Step 2 — terraform apply.

cd terraform
terraform init
terraform apply

First apply takes 5-10 minutes. Most of that is building mcp-grafana from Go source and pushing the container image. Resources come up in dependency order: ECR → image build/push → IAM → Memory → Grafana workspace → Grafana service accounts → CloudWatch datasource → AgentCore Runtime → AgentCore Evaluator → OnlineEvaluationConfig.

Outputs include the runtime ARN, the Grafana workspace URL, the workspace ID, and the evaluator + online-eval config ARNs.

Step 3 — Enable CloudWatch Transaction Search.

AWS Console → CloudWatch → Application Signals → Transaction Search → Enable. AWS creates aws/spans automatically. If you skip this, the AgentCore Evaluator hangs in FAILED state. Re-apply Terraform after enabling and the evaluator creates cleanly.

Step 4 — Verify.

# Grafana login works
open "$(terraform -chdir=terraform output -raw grafana_workspace_url)"

# Agent endpoint exists
aws bedrock-agentcore-control list-agent-runtimes \
  --region us-west-2 \
  --query "agentRuntimes[?starts_with(agentRuntimeName,'cloudwatch_agent')]"

Step 5 — Seed demo data.

uv run python -m seeds.week1 --region us-west-2

See section 7 for the full three-week seed narrative.

6. Interacting with the agent

6.1 invoke.py

A single Python entrypoint with two modes.

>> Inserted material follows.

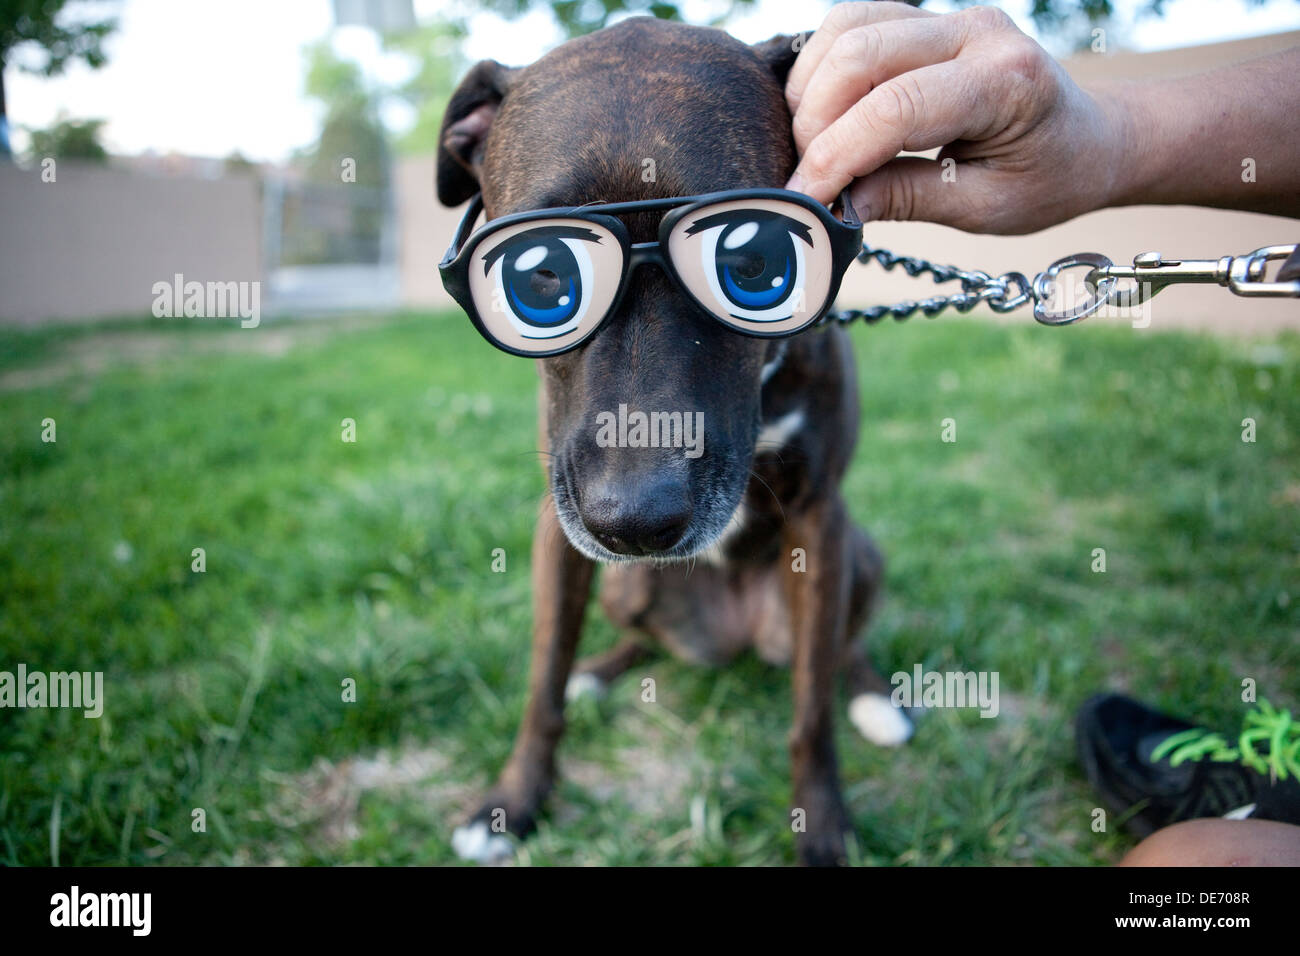 Pet owner placing Animation eye glasses on his dog. Stock Photo

ARN is resolved in this order:

  1. AGENT_RUNTIME_ARN env var.
  2. AGENT_RUNTIME_ARN in ./.env.
  3. terraform output -json in terraform/.
  4. bedrock-agentcore-control:ListAgentRuntimes filtered by --runtime-name (default cloudwatch_agent).

Interactive REPL

uv run python invoke.py

A banner panel shows the runtime ARN, session id, user, and command list. Then a prompt waits for input. The same session id is reused across turns, so AgentCore Memory carries context.

REPL commands:

Command Effect
:help Show command list.
:session Print the current session id.
:new Rotate to a fresh session id (breaks memory continuity).
:raw Toggle between rendered output and raw SSE event dump.
:exit / :quit / Ctrl-D Quit.
Ctrl-C Cancel the in-flight stream; REPL stays alive.

One-shot

uv run python invoke.py "List the existing Grafana dashboards"

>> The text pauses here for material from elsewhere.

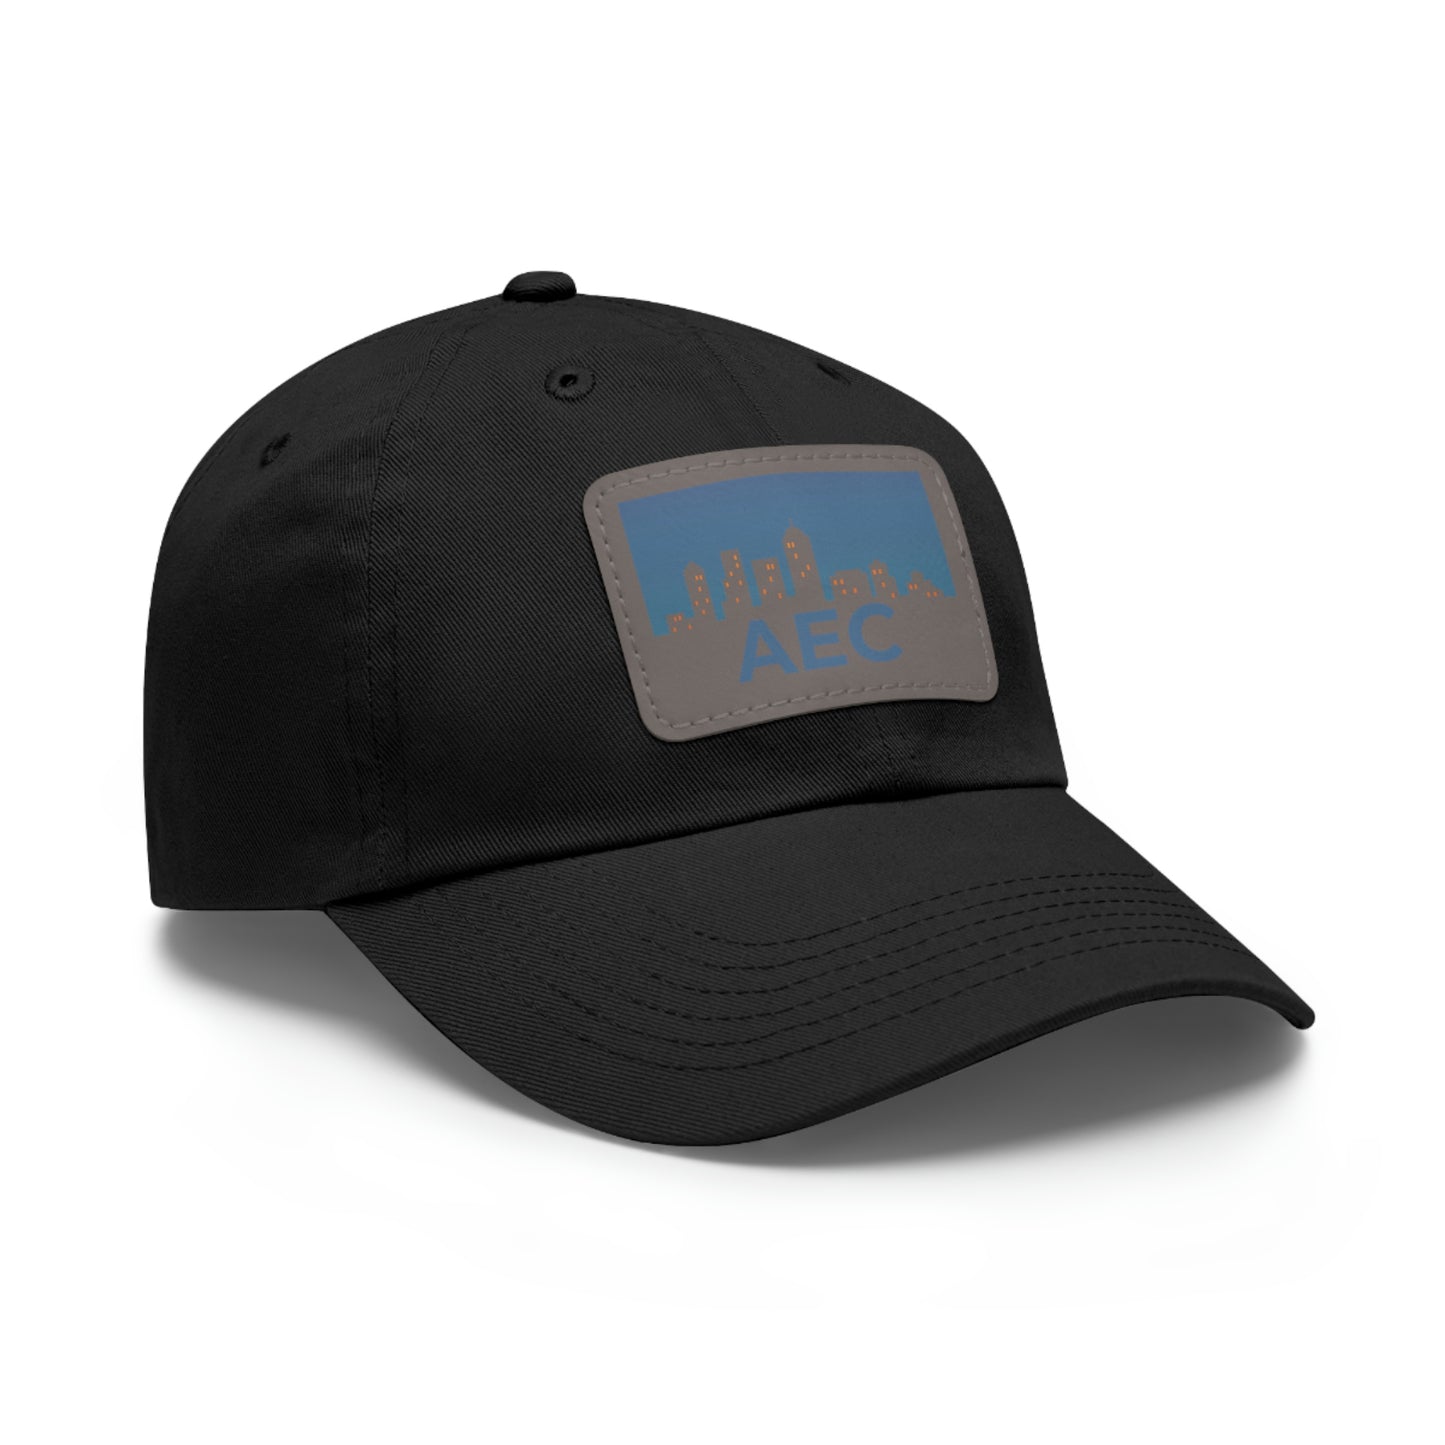 AEC Leather Patch Hat

cat prompts/incident.md | uv run python invoke.py

# Chain one-shots with shared memory:
SID="cwagent-demo-$(date +%s)-aaaaaaaaaaaaaaaaaa"
uv run python invoke.py --session-id "$SID" "Explore the logs"
uv run python invoke.py --session-id "$SID" "Now build the dashboards"

--export

Writes a JSON session bundle to ./exports/ (configurable via --export-dir) when the REPL exits or on :new. Bundle contents per turn: prompt, cleaned assistant text blocks, tool call names, byte count, elapsed time, and the path to the raw SSE dump.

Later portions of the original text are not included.